# [Integration of lakeFS with Airflow via Hooks](https://docs.lakefs.io/hooks/airflow.html)

## Use Case: Versioning DAGs and running pipeline from hooks using a configurable version of DAGs

## Setup Task: Prerequisites

###### This Notebook requires connecting to a lakeFS Server. 
###### Run lakeFS locally with Docker (https://docs.lakefs.io/quickstart/run.html).

## Setup Task: Change your lakeFS credentials (Access Key and Secret Key)

In [None]:
lakefsEndPoint = 'http://host.docker.internal:8000'
lakefsAccessKey = 'AKIAIOSFOLKFSSAMPLES'
lakefsSecretKey = 'wJalrXUtnFEMI/K7MDENG/bPxRfiCYEXAMPLEKEY'

## Setup Task: You can change lakeFS repo name (it can be an existing repo or provide another repo name)

In [None]:
repo = "airflow-dag-versioning-repo"

## Setup Task: Storage Information

In [None]:
storageNamespace = 's3://example/' + repo # e.g. "s3://bucket"

## Setup Task: Run additional [Setup](./airflow/DAG_Versioning/DAGVersioningSetup.ipynb) tasks here

In [None]:
%run ./airflow/DAG_Versioning/DAGVersioningSetup.ipynb

## Setup Task: Go to [Airflow UI](http://127.0.0.1:8080/home). Login by using username "airflow" and password "airflow".
### You should see "lakefs_create_dag", "lakefs_delete_dag" and "lakefs_trigger_dag" DAGs.

## You will run following steps in this notebook (refer to the image below):

##### - Create repository with the Main branch, add data file to Main branch and commit the changes
##### - Create transformation DAG on the main branch
##### - Create a new "version" branch. Pre-Create-Branch hook will trigger a DAG which will pull the DAG code from GitHub and will create the transformation DAG on the "version" branch.
##### - Add data file to "version" branch and commit the changes
##### - Post-Commit hook will trigger the transformation DAG on the "version" branch
##### - Delete or merge "version" branch
##### - If "version" branch is deleted then Pre-Delete-Branch hook will trigger another DAG which will delete transformation DAG on the "version" branch

![Step 1](./Images/AirflowDAGVersioning/AirflowDAGVersioningFull.png)

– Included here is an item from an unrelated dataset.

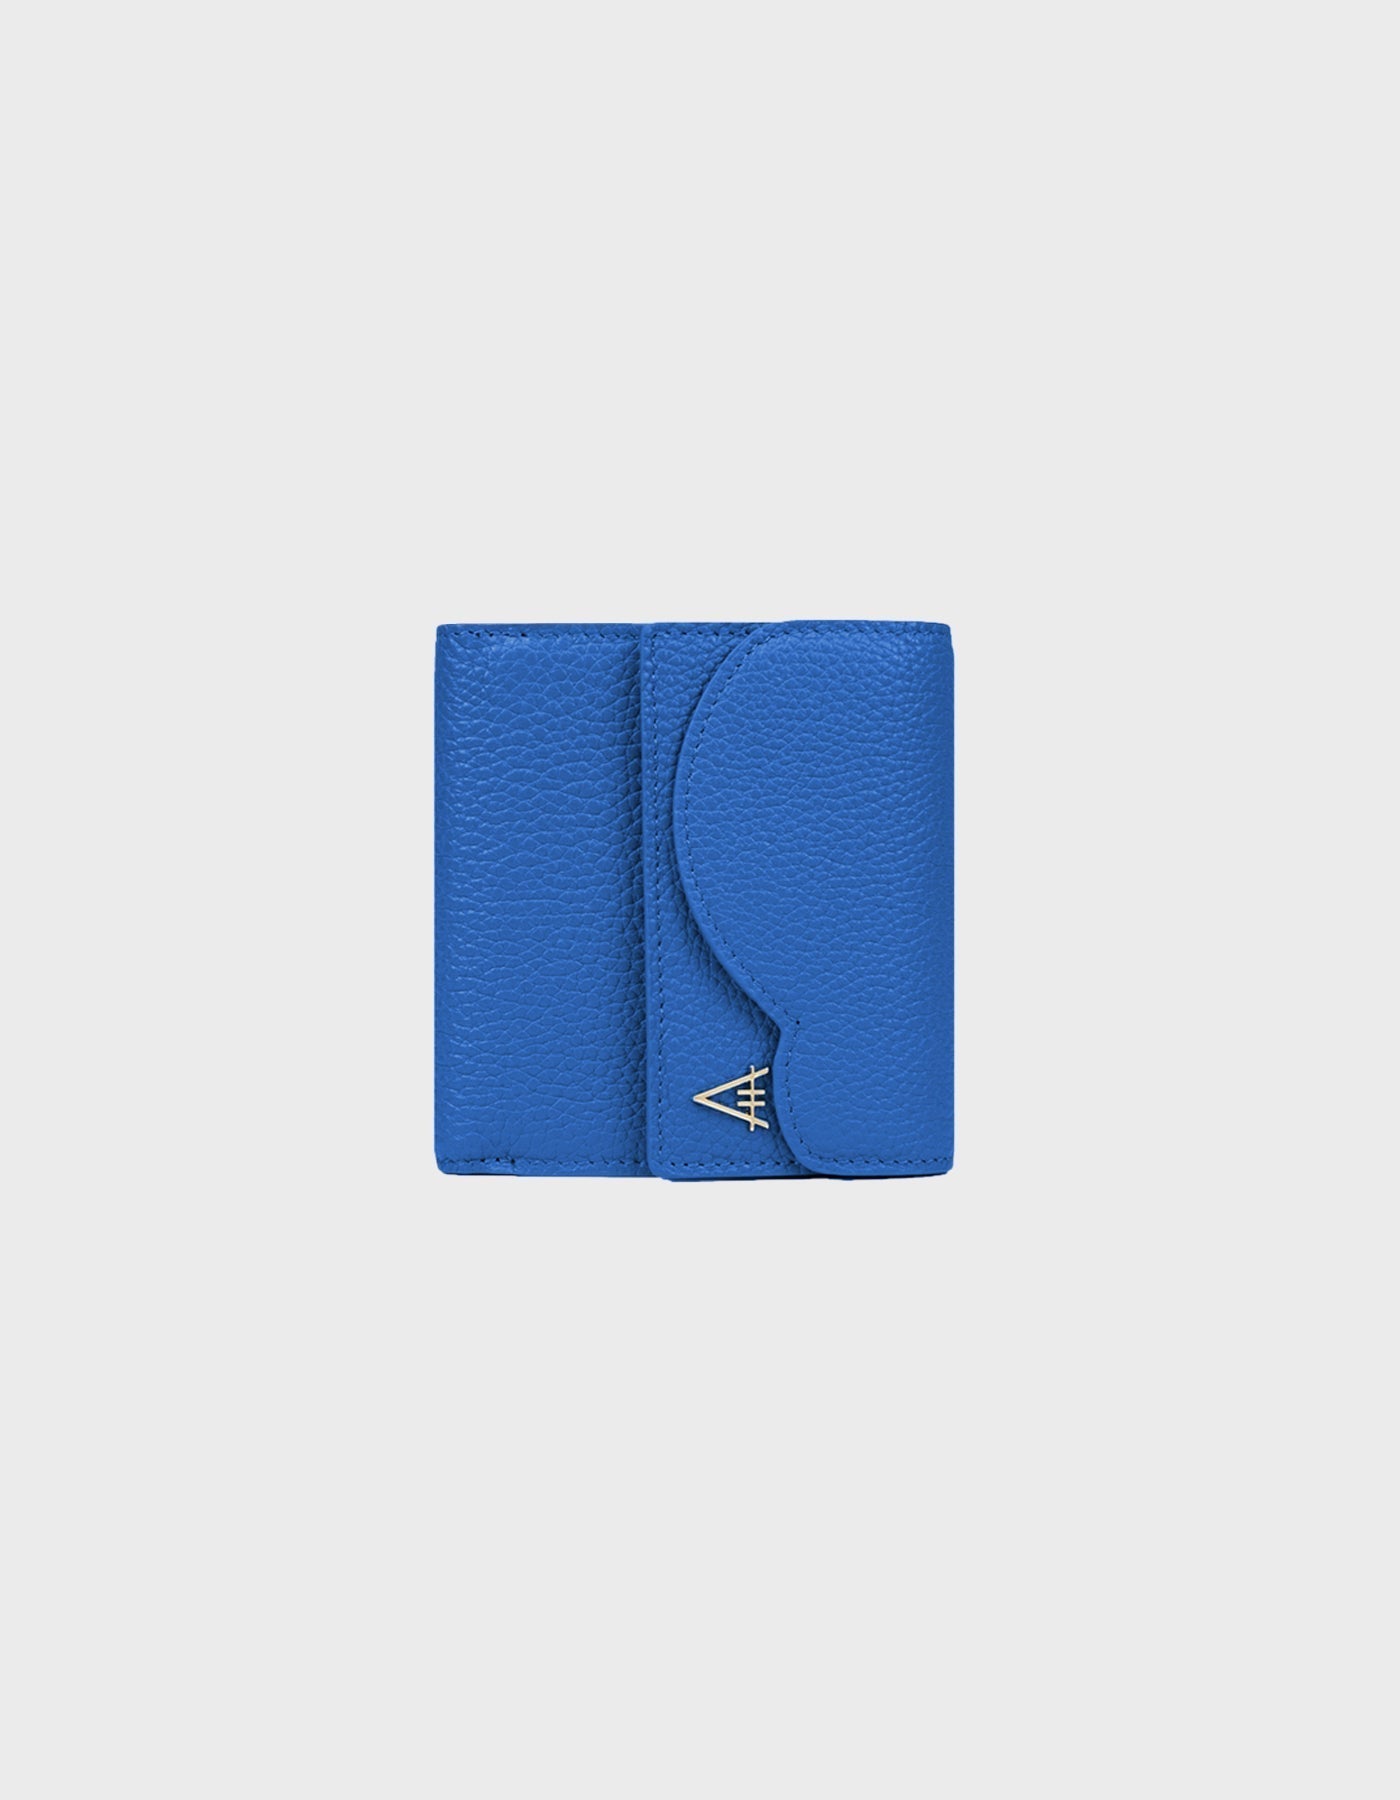 HiVa Atelier - Larus Compact Wallet Parliament

## Setup Task: Create Repository - Optional if repository exists

In [None]:
repository = lakefs.Repository(repo).create(storage_namespace=storageNamespace, default_branch=sourceBranch, exist_ok=True)
main = repository.branch(sourceBranch)
print(repository)

## Setup Task: Upload [Pre-Create-Branch Actions](./airflow/DAG_Versioning/actions_pre_create_branch.yaml) file. This action will invoke "lakefs_create_dag" DAG.

#### You can review [lakefs_create_dag](./airflow/DAG_Versioning/lakefs_create_dag_auto.py) program.

In [None]:
lakefs_demo.upload_object(main, local_path, 'actions_pre_create_branch.yaml', actions_folder_on_lakefs)

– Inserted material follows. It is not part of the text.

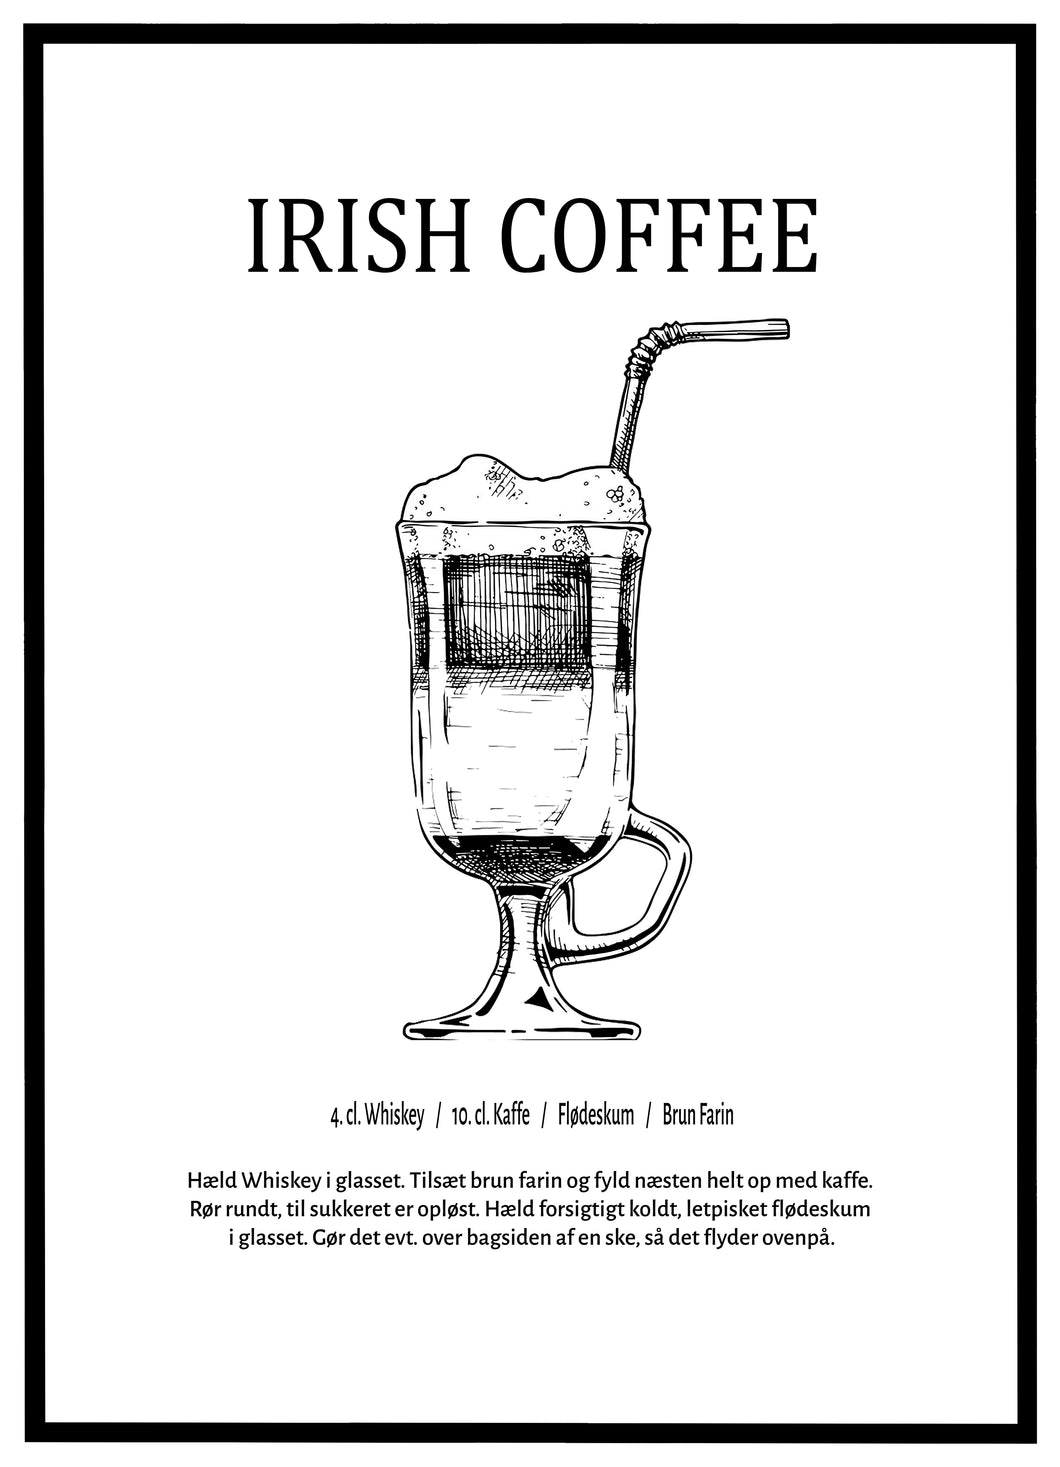 Irish Coffee - Plakat

## Setup Task: Upload [Pre-Delete-Branch Actions](./airflow/DAG_Versioning/actions_pre_delete_branch.yaml) file. This action will invoke "lakefs_delete_dag" DAG.

#### You can review [lakefs_delete_dag](./airflow/DAG_Versioning/lakefs_delete_dag_auto.py) program.

In [None]:
lakefs_demo.upload_object(main, local_path, 'actions_pre_delete_branch.yaml', actions_folder_on_lakefs)

## Setup Task: Upload [Post-Commit Actions](./airflow/DAG_Versioning/actions_post_commit.yaml) file. This action will invoke "lakefs_trigger_dag" DAG.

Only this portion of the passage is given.